> **Raw data**:
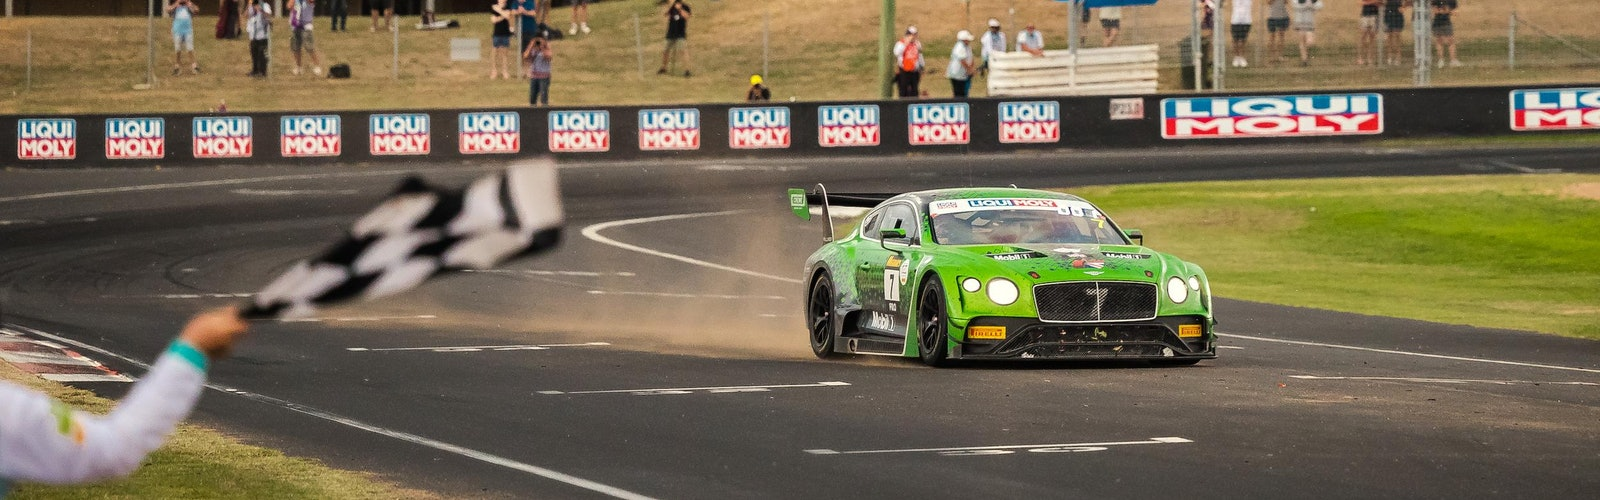 Bentley won Bathurst 12 Hour – 4
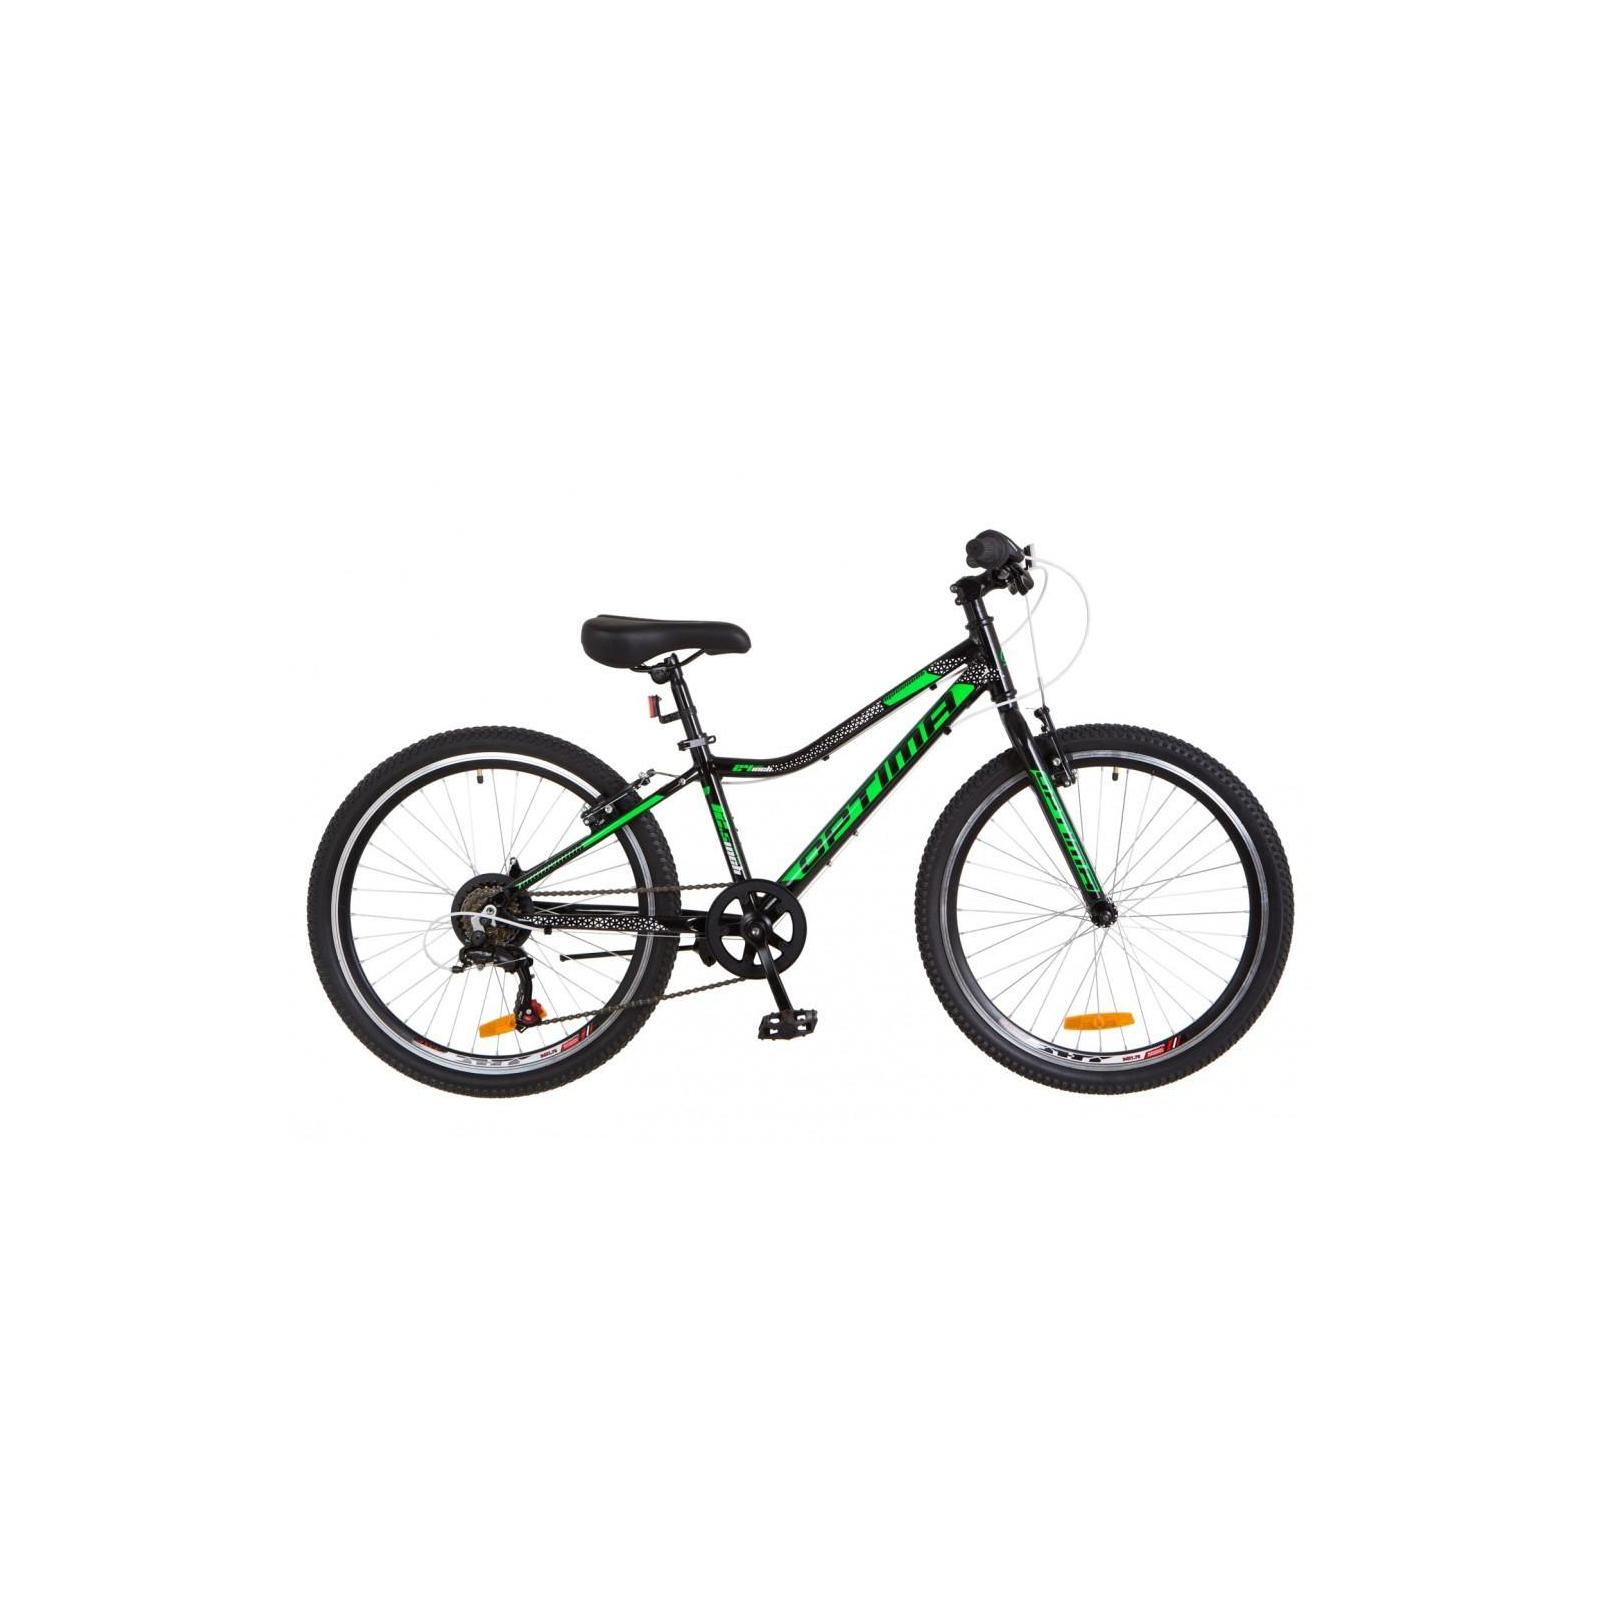 "Велосипед Optimabikes 24"" BLACKWOOD 2018 14G Vbr рама-12,5"" Al черно-зеленый (OPS-OP-24-028)"
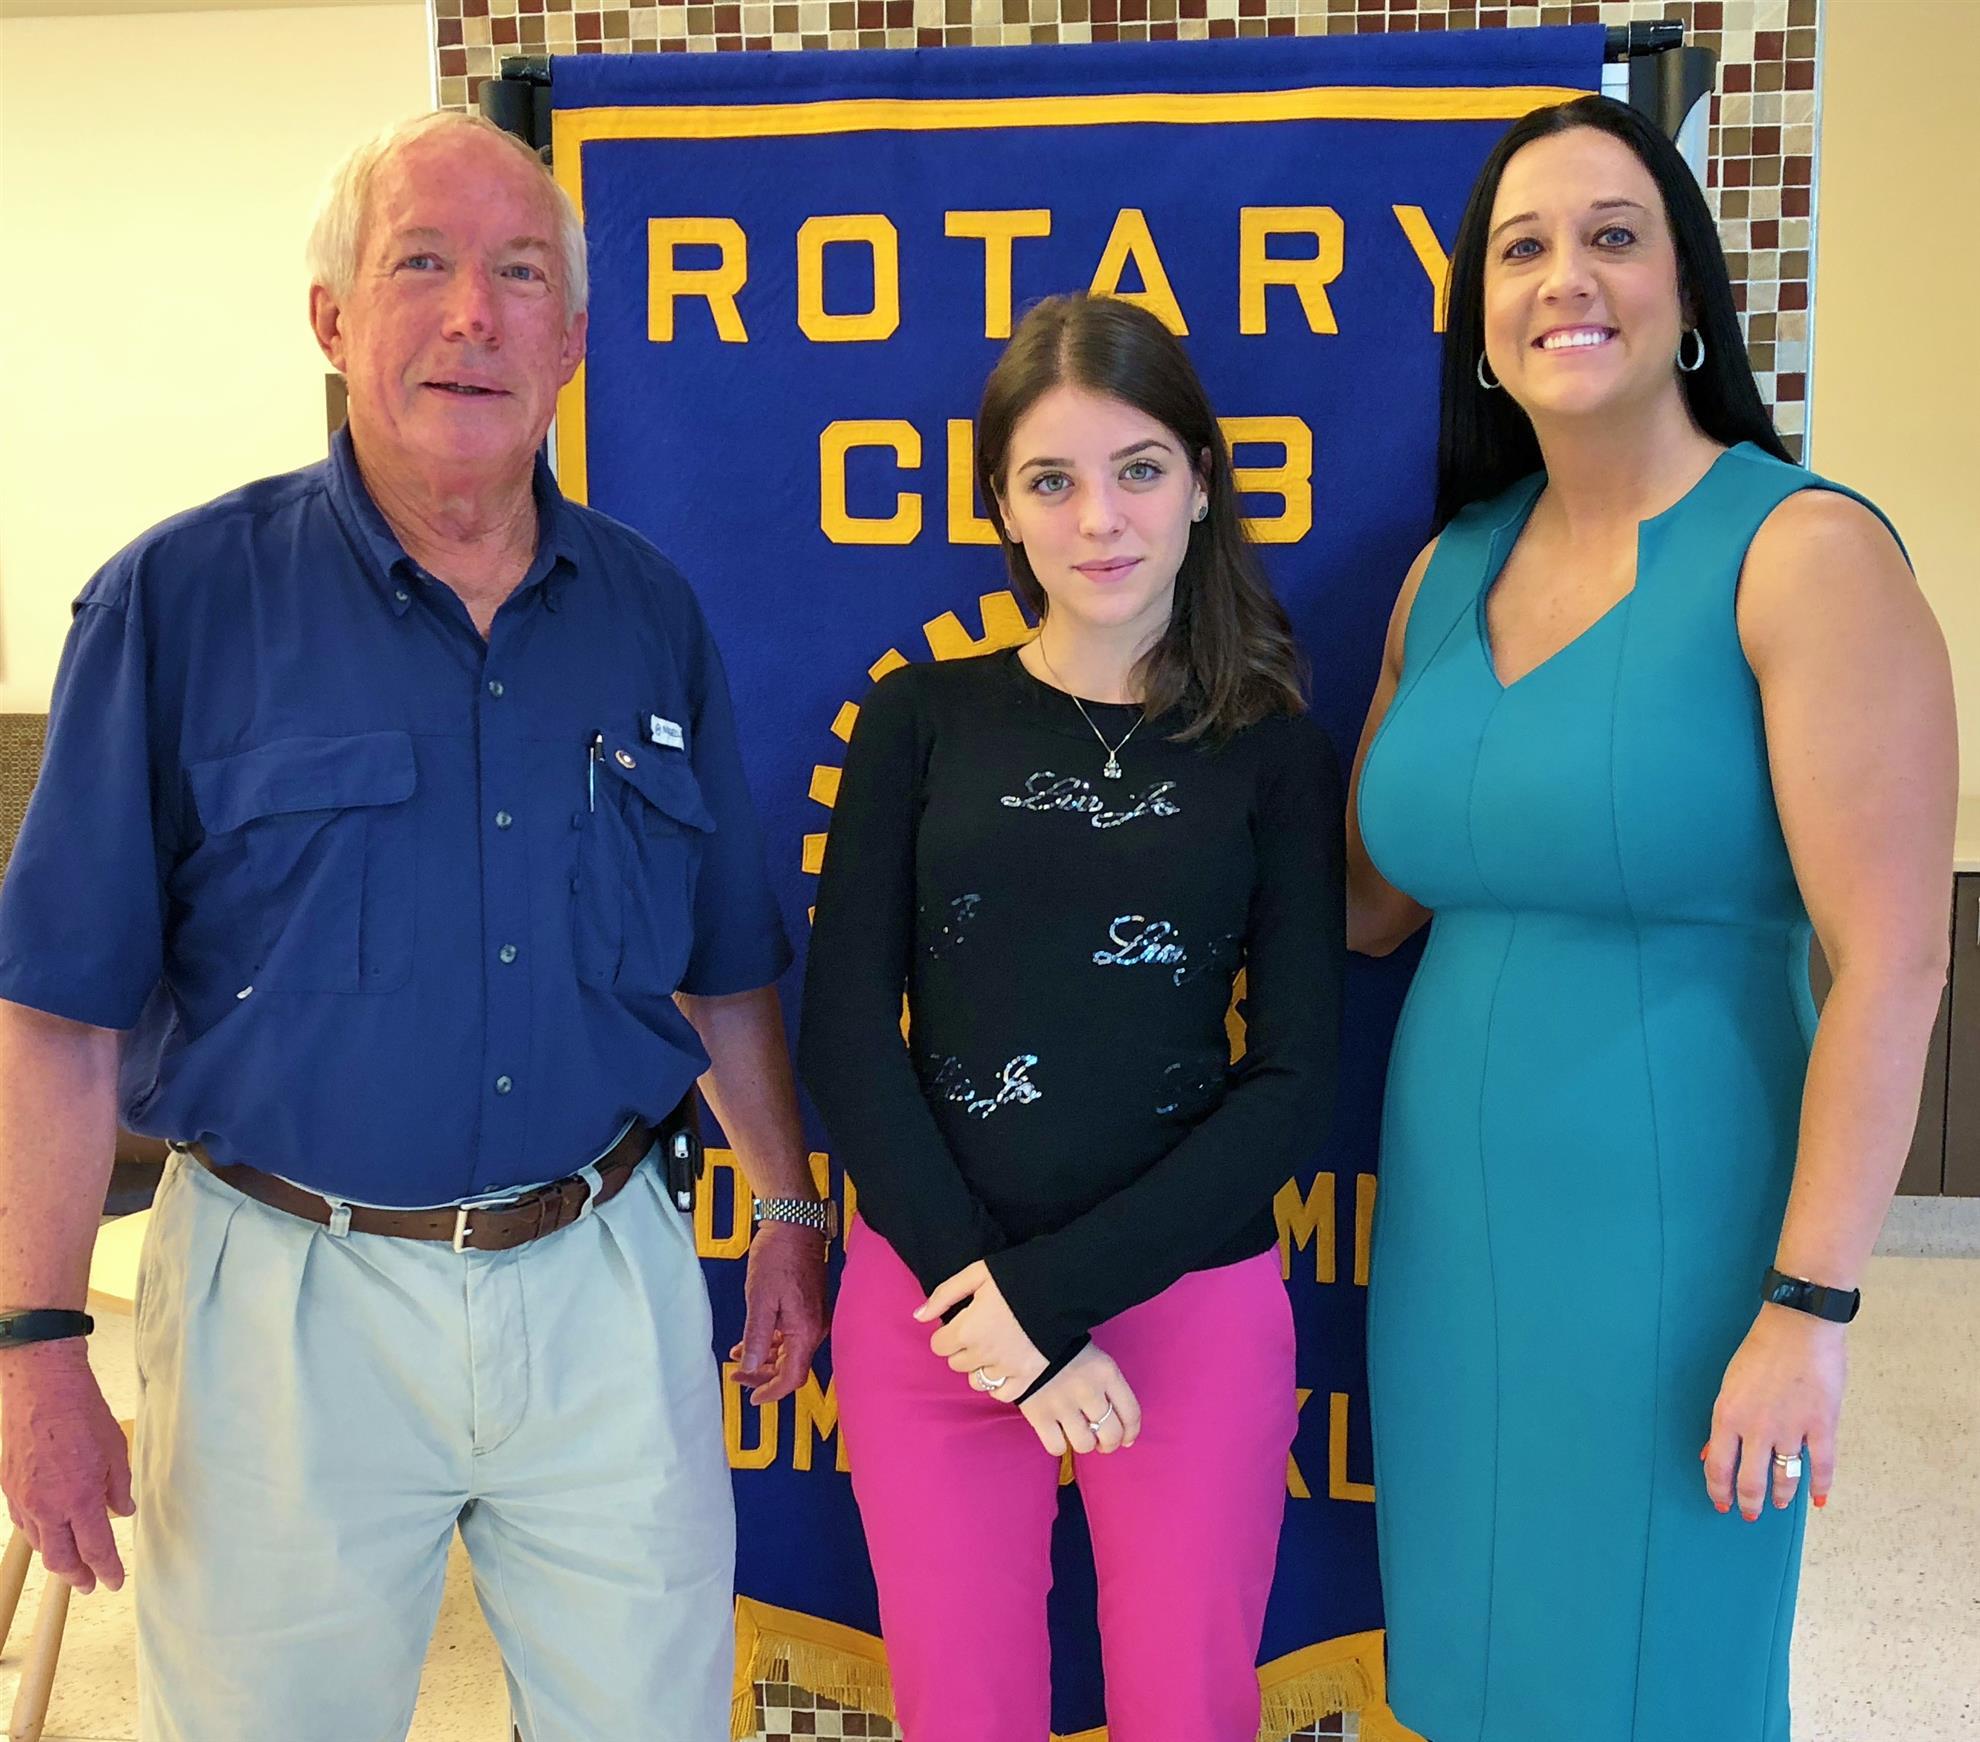 Stories | Edmond Summit Rotary Club #51552
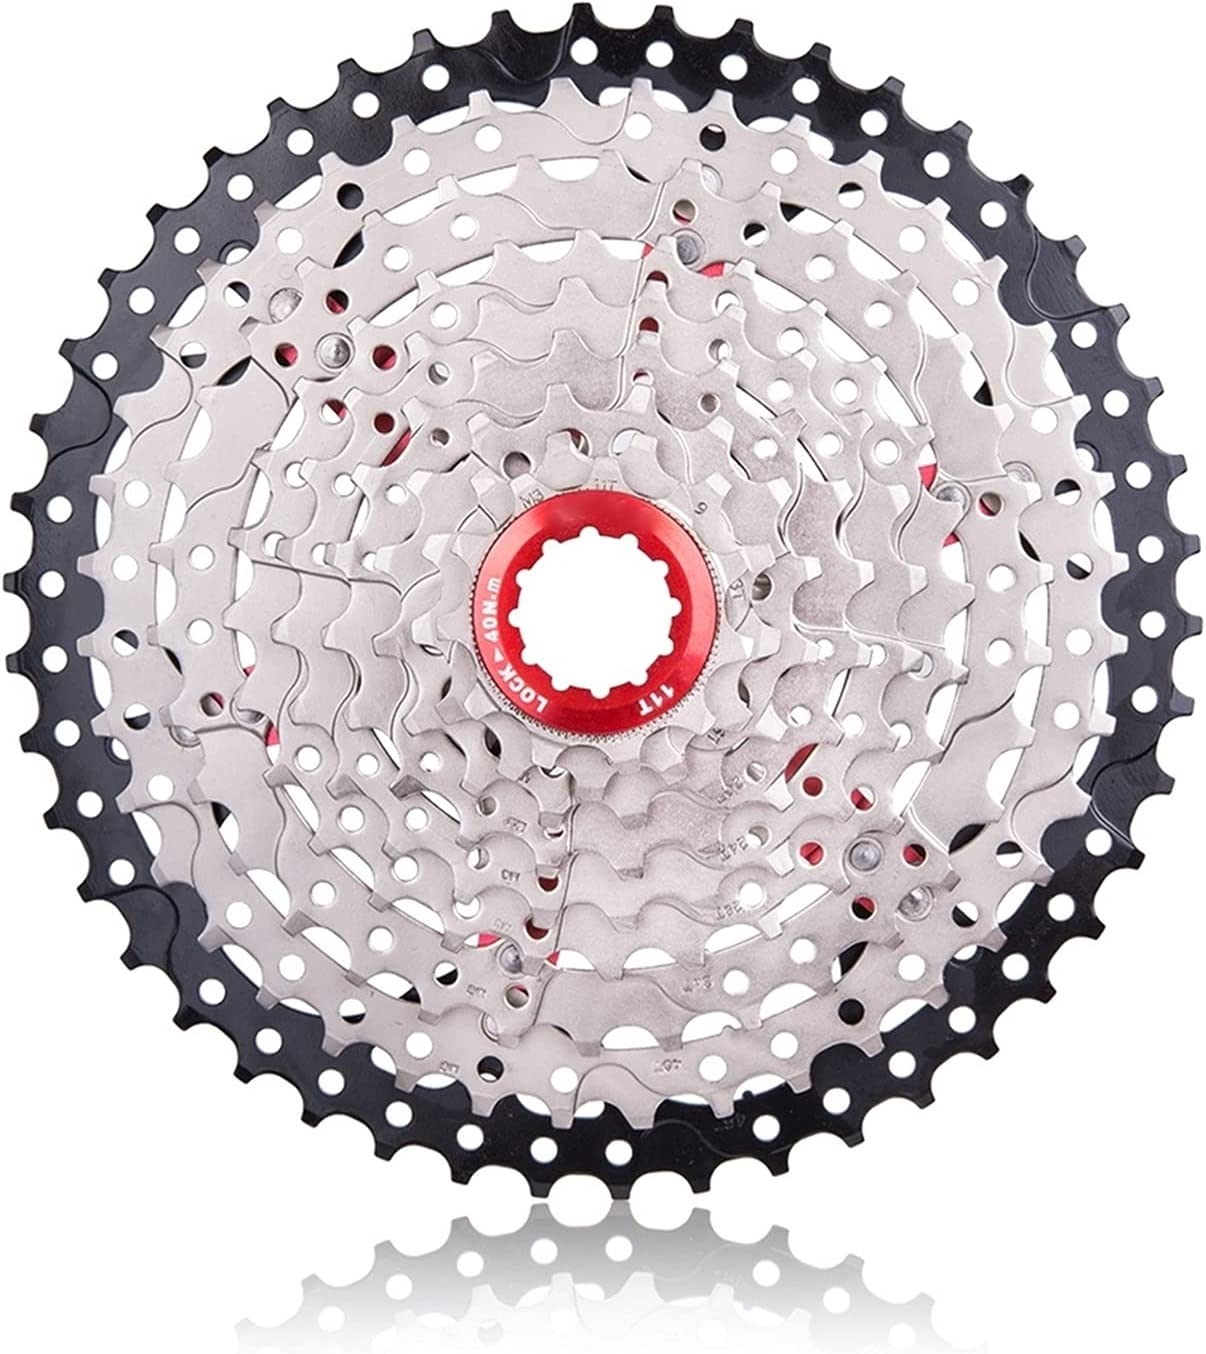 XCSM Mountain Bicycle 9 Speed 11-46T Max 67% OFF Bike Cassette 9S Sp Regular dealer 46T MTB

> **Your goal**:
Nothing should appear in the answer except the lines from the one containing "BLACKWOOD 2018 14G" through the last line of the listing, given again exactly and with no pictures.

> **Response**:
 "Велосипед Optimabikes 24"" BLACKWOOD 2018 14G Vbr рама-12,5"" Al черно-зеленый (OPS-OP-24-028)"
 Stories | Edmond Summit Rotary Club #51552
 XCSM Mountain Bicycle 9 Speed 11-46T Max 67% OFF Bike Cassette 9S Sp Regular dealer 46T MTB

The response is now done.